The appellant’s witness Young testified that the barrel of oil the plaintiff was unloading had been shipped to witness from Cleveland, Ohio. This was sufficient to discharge the plaintiff’s burden of proof that he was injured in the service of interstate commerce. The train transporting the barrel of oil moved as a whole, and one employed in removing freight from a train engaged in interstate commerce is, of necessity, in such act, engaged in interstate commerce. — N. Y. C. & H. R. R. Co. v. Carr, supra; and the authorities collected in notes, 47 L. R. A. (N. S.) 52; Roberts, Injuries to Interstate Emp., 67 et seq.; Doherty, Fed. Employer’s Liability Act, 84 et seq.

(7) Under the Federal Employer’s Liability Act, any contributory negligence of appellee in attempting to unload the barrel obviously too heavy for him would not “bar a recovery” of appellant for the negligence of its conductor as averred. The act requires only that: “The damages shall be diminished by the jury in proportion to the amount of negligence attributable to such employee.” — Thornton’s Federal Employer’s Liability Act (3d Ed.) p. 129, § 71.

Section 3 of the act (U. S.) Comp. St. 1913, § 8659) falls within the class of legislation finding authority in the exercise of a reasonable police power in regulating the relation of master and servant, and is conceded to be constitutional. — Kelly v. Great Northern Ry. Co. (C. C.) 152 Fed. 211. Hence the affirmative charge could not be given on this ground. •

(8, 9) The sixth, seventh and eighth assignments of error challenge the refusal of the trial court to give to the jury charges 16, 17, and 19. Charge 17 is misleading in assuming that plaintiff “knew that injury would probably result to him in so doing.” Charges 16 and 19 are faulty in assuming, as a matter of law, that the warning was sufficient notice to plaintiff of danger, and *374was sufficient to cause plaintiff to appreciate the danger, no matter how negligible the source of warning. Moreover, these charges are based on the assumption of risk; and they are fully covered in the given charges 13 and 14.

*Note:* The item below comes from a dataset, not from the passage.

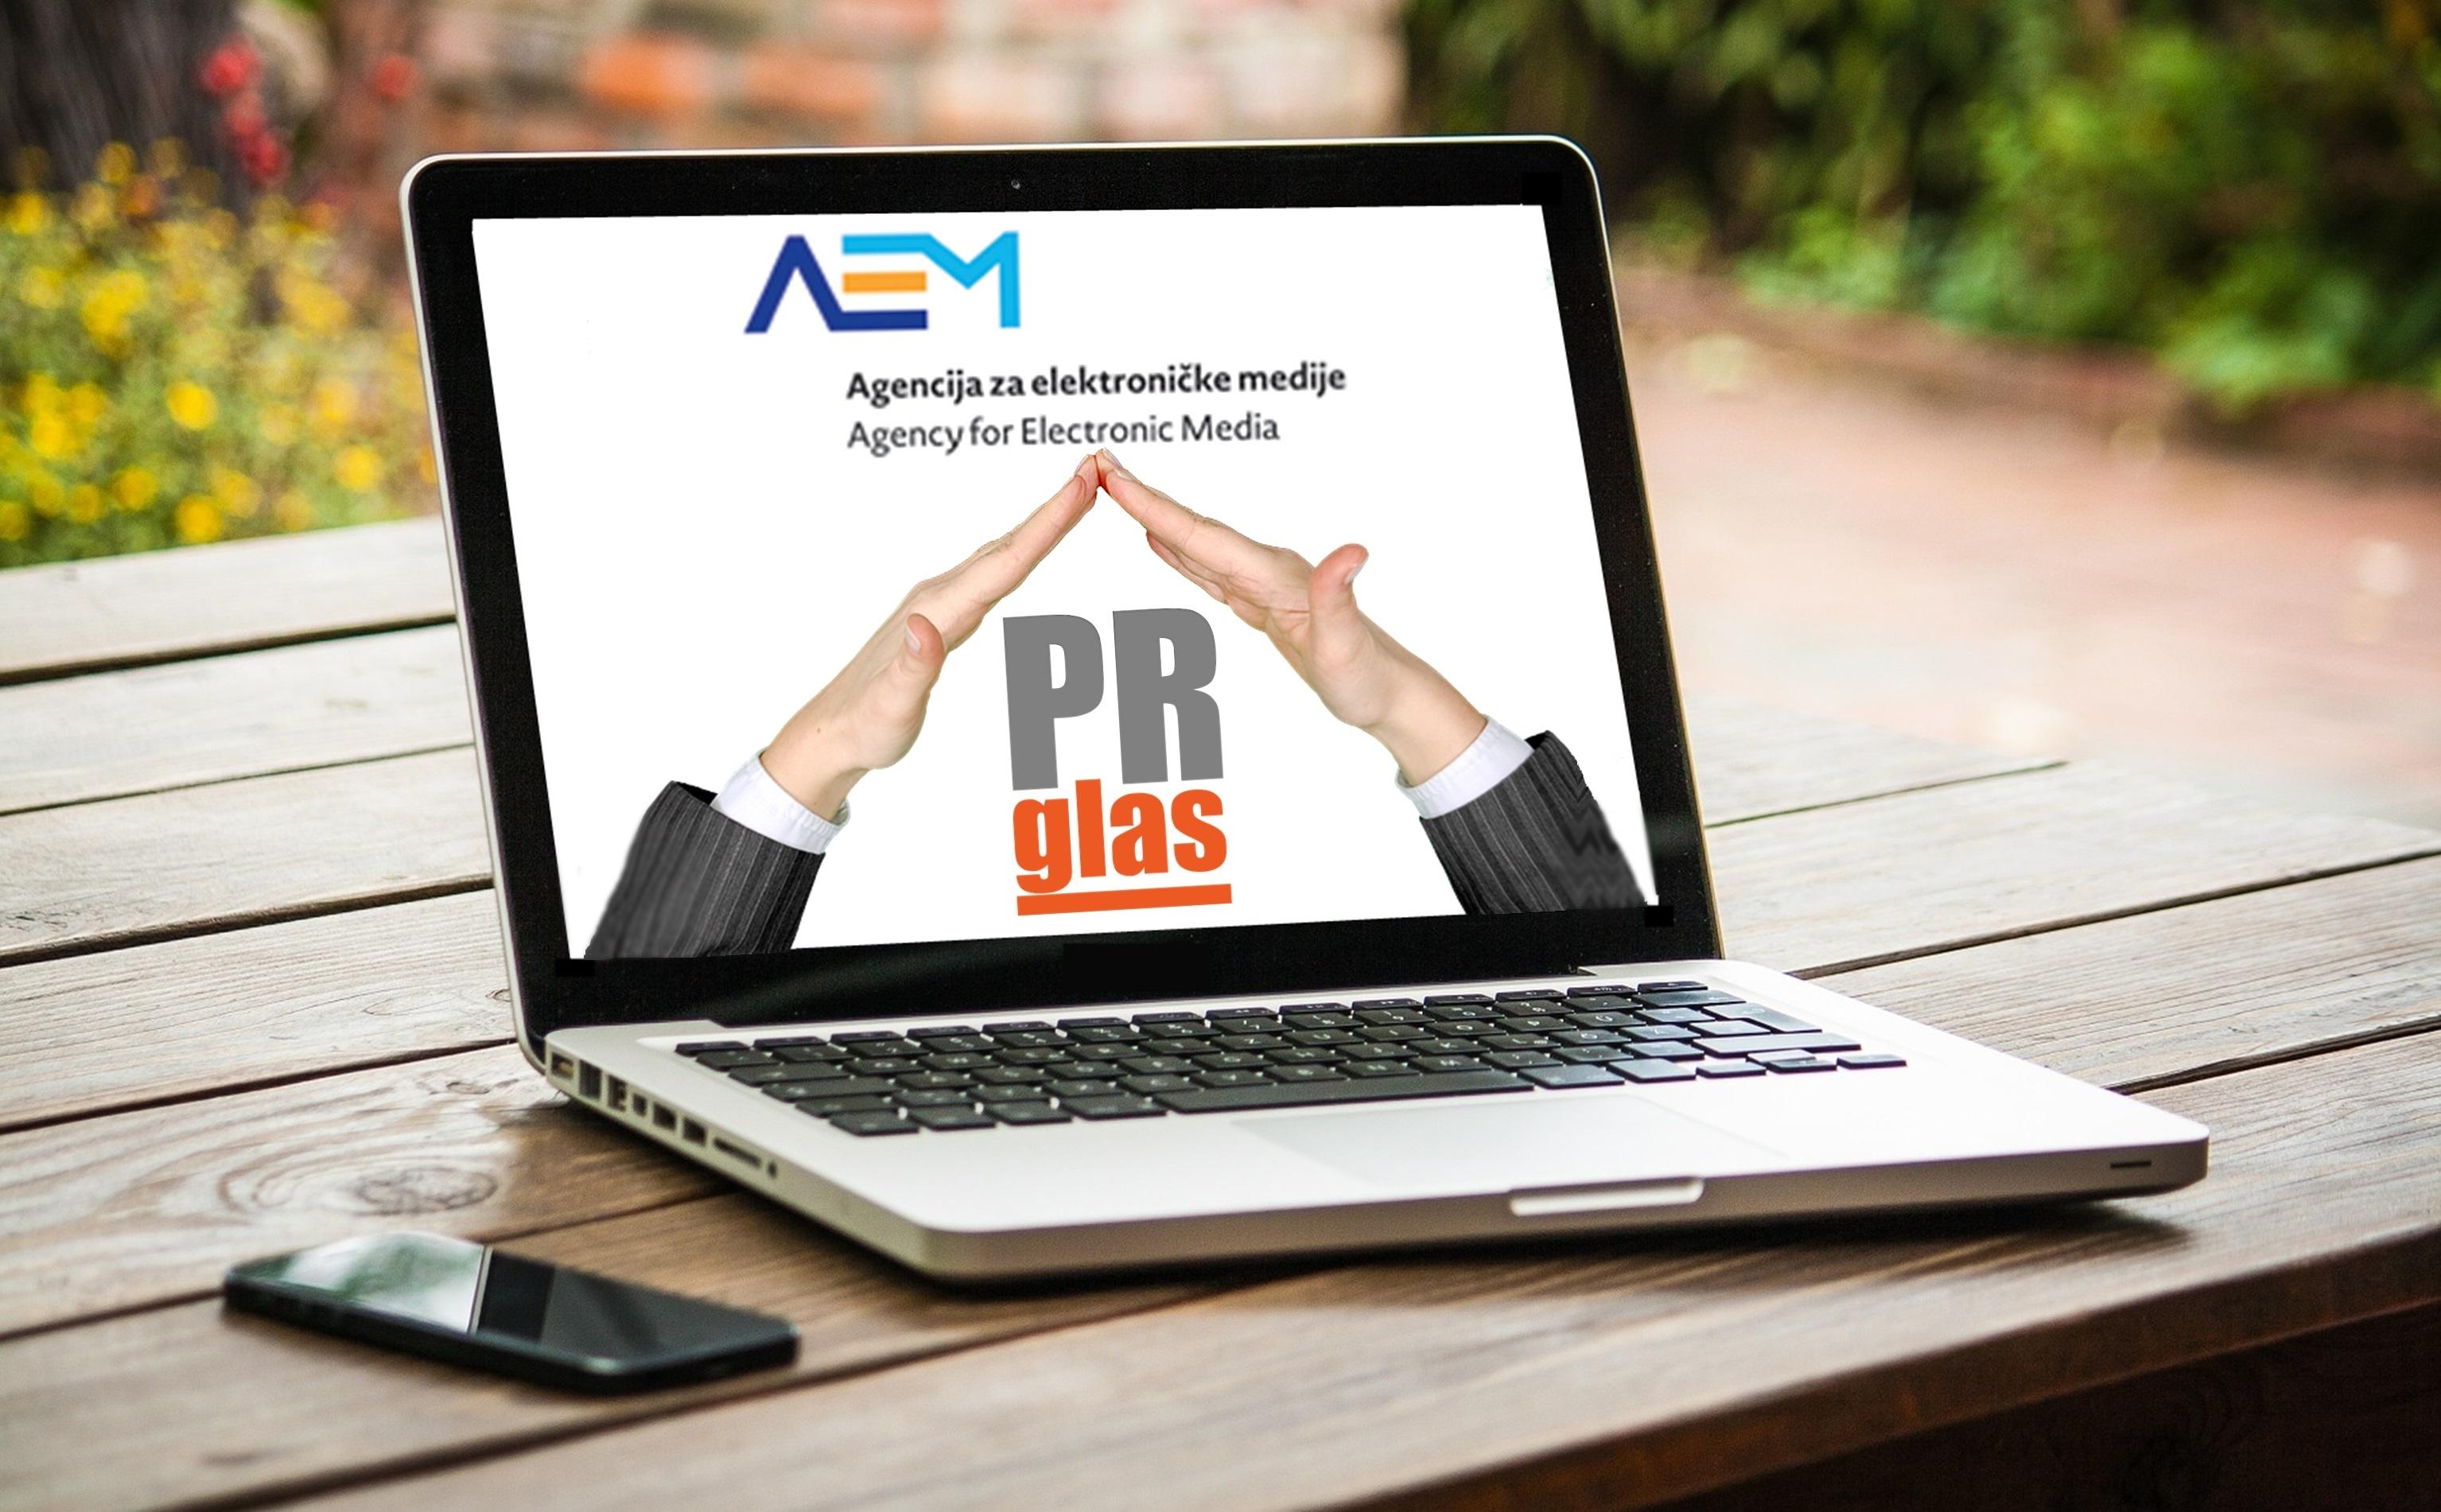 PRglas Agencija za elektronicke medije medij

The ninth and tenth assignments of error relate to the refusal •of the court to grant a new trial. The preponderance of the evidence supports the verdict and judgment.

The seventeenth ground of defendant’s motion for a new trial is: “For that the plaintiff’s counsel, in arguing to the jury about •one of defendant’s witnesses who had testified, said: ‘He could not remember what had been told him; he could not remember what had been drilled into him’ — to which statement the defendant then and there duly and legally objected. Plaintiff’s counsel thereupon said, T withdraw that and apologize.’ Whereupon defendant then and there duly and legally excepted.”

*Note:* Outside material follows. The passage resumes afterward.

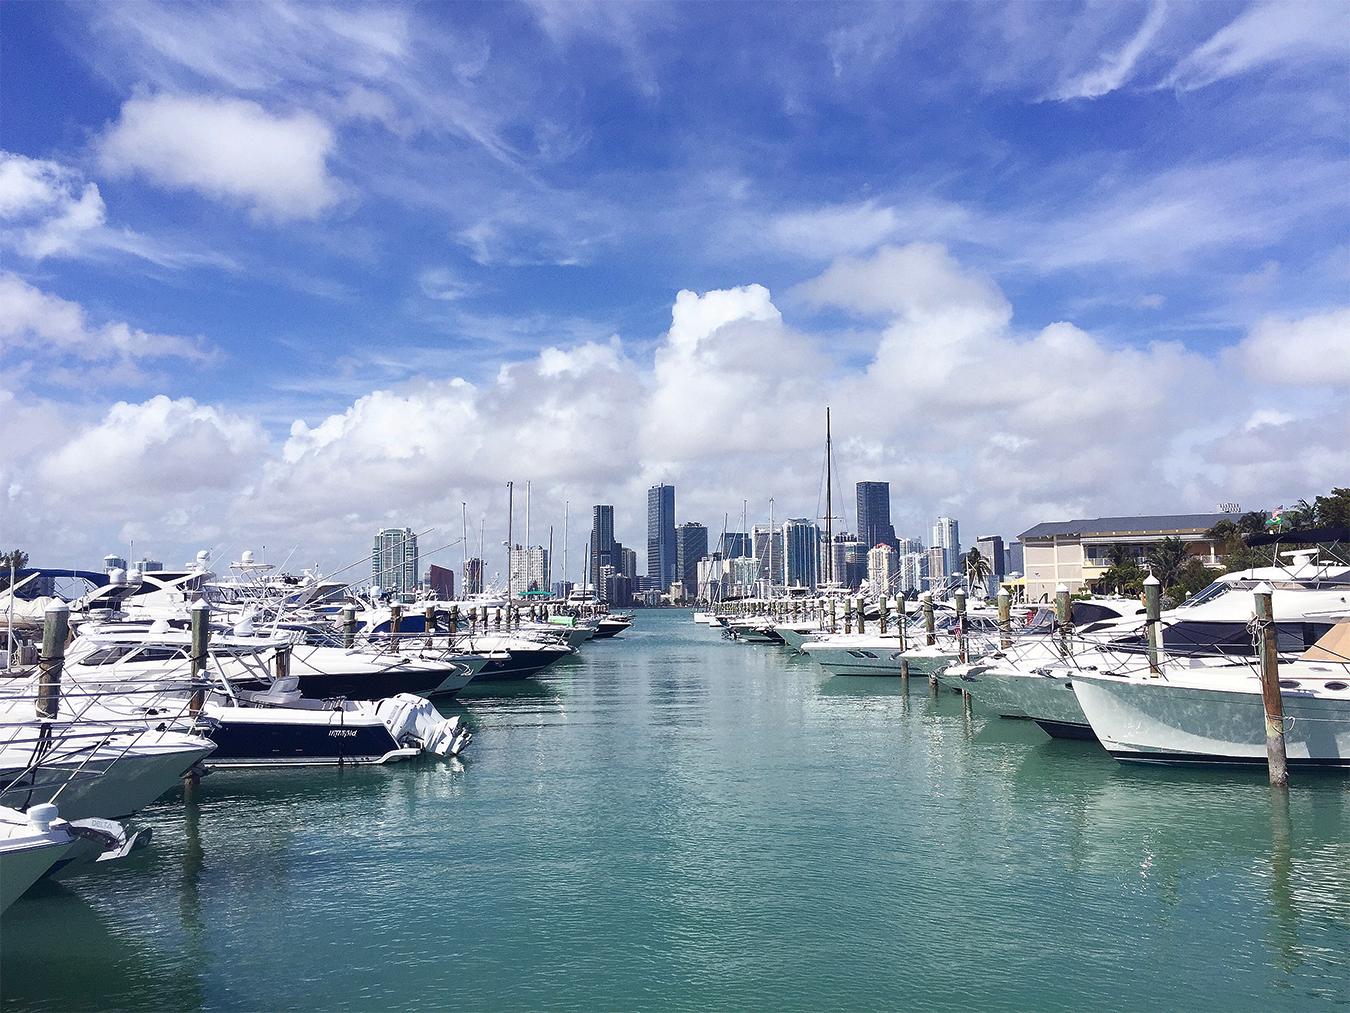 5_Mu_Qiao_travel_Photography_Miami_Key_West_Florida_boat_dock

(10, 11) The defendant’s counsel did not move the court to exclude the argument, and in the absence of such a motion there is nothing to review. This improper statement, tending strongly to discredit the witness in the eyes of the jury, was made by counsel in the ardor of argument; but on objection of opposing counsel it was promptly and properly withdrawn, with an apology. The court was not called upon, under such circumstances, to specifically exclude the remark, or to instruct the jury thereon, or to reprove the offending counsel.

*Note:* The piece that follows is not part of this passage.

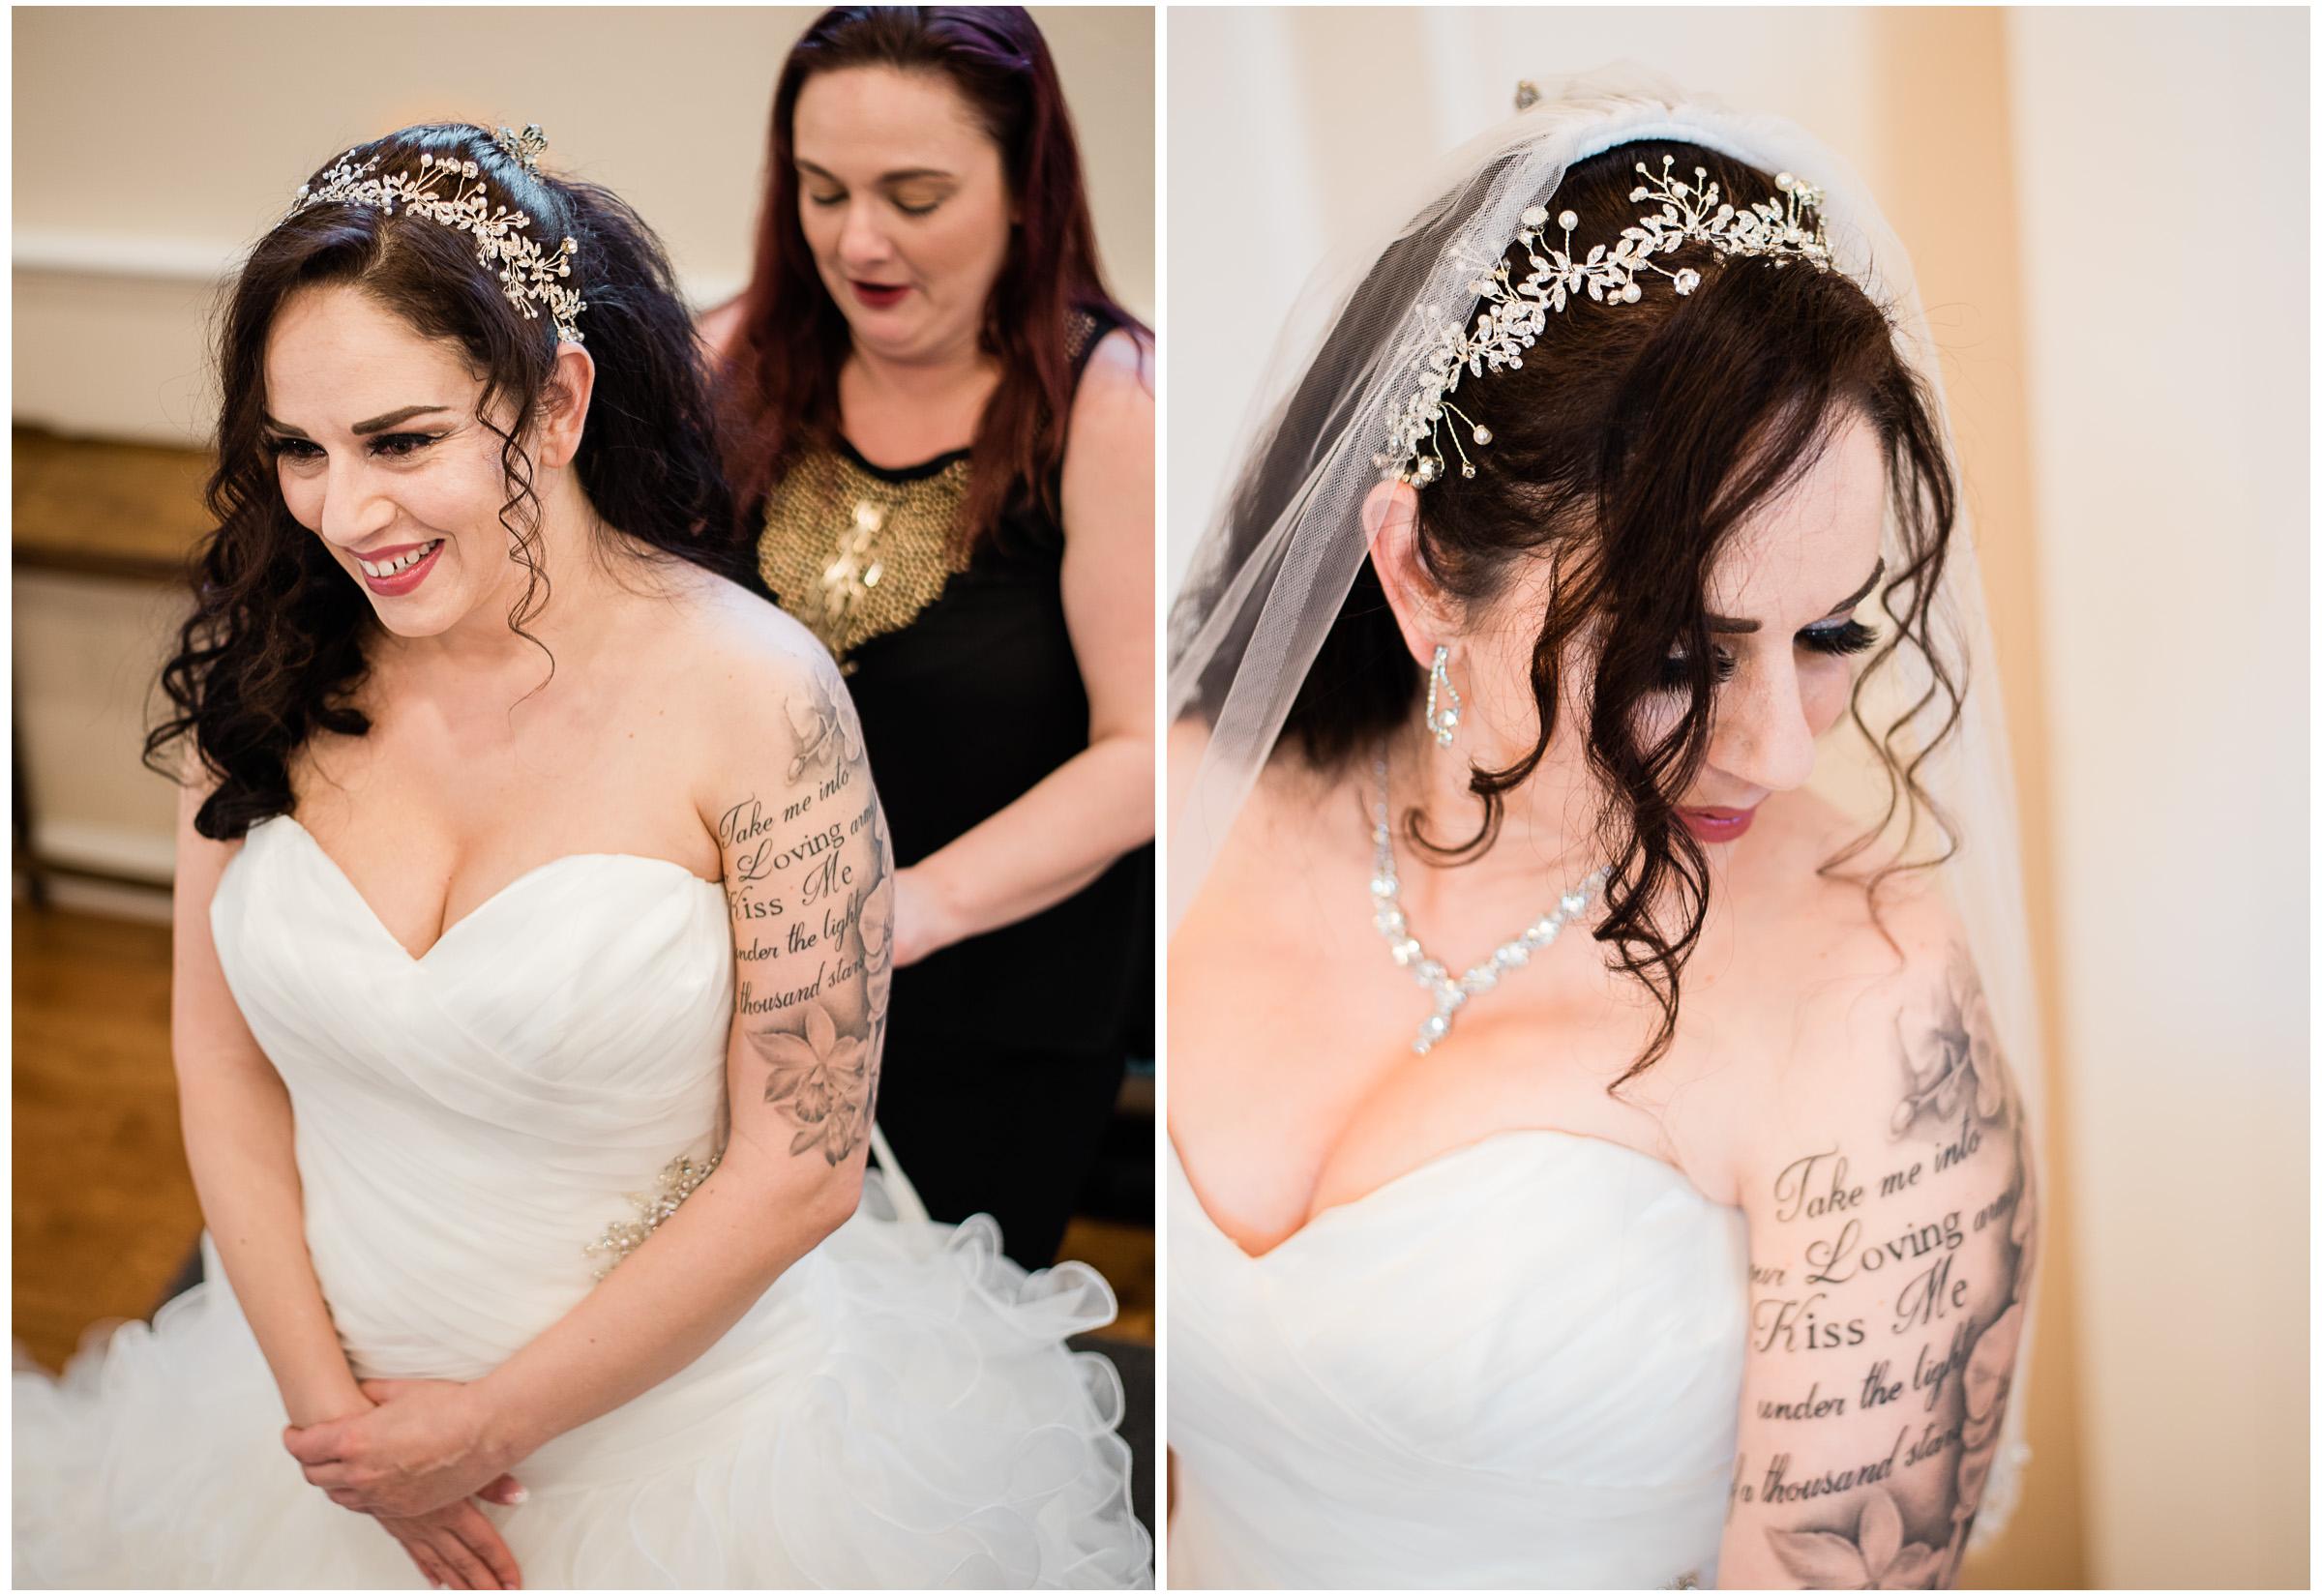 Sacramento Wedding - Sacramento Photographer - Justin Wilcox Photography - 10.jpg

In B. R., L. & P. Co. v. Drennen, 175 Ala. 338, 57 South. 876, Ann. Cas. 1914C, 1037, this court voiced disapproval of such “illegitimate argument” of plaintiff’s counsel, which plaintiff’s counsel had failed to withdraw, and the erroneous impression of which, on the minds of the jury, counsel had failed to attempt to correct. The several cases collected in the Drennen Case correctly state the duty of the court, and the duty of the respective counsel, as to such improper remarks in argument.

In this case, the prompt withdrawal of, and apology for, the improper remark by counsel was as complete an atonement therefor as could well be made. The court correctly overruled the motion for a new trial on this, and the other grounds assigned.

The judgment of the court is affirmed.

Affirmed.

Anderson, C. J., and Mayfield and Somerville, JJ., concur.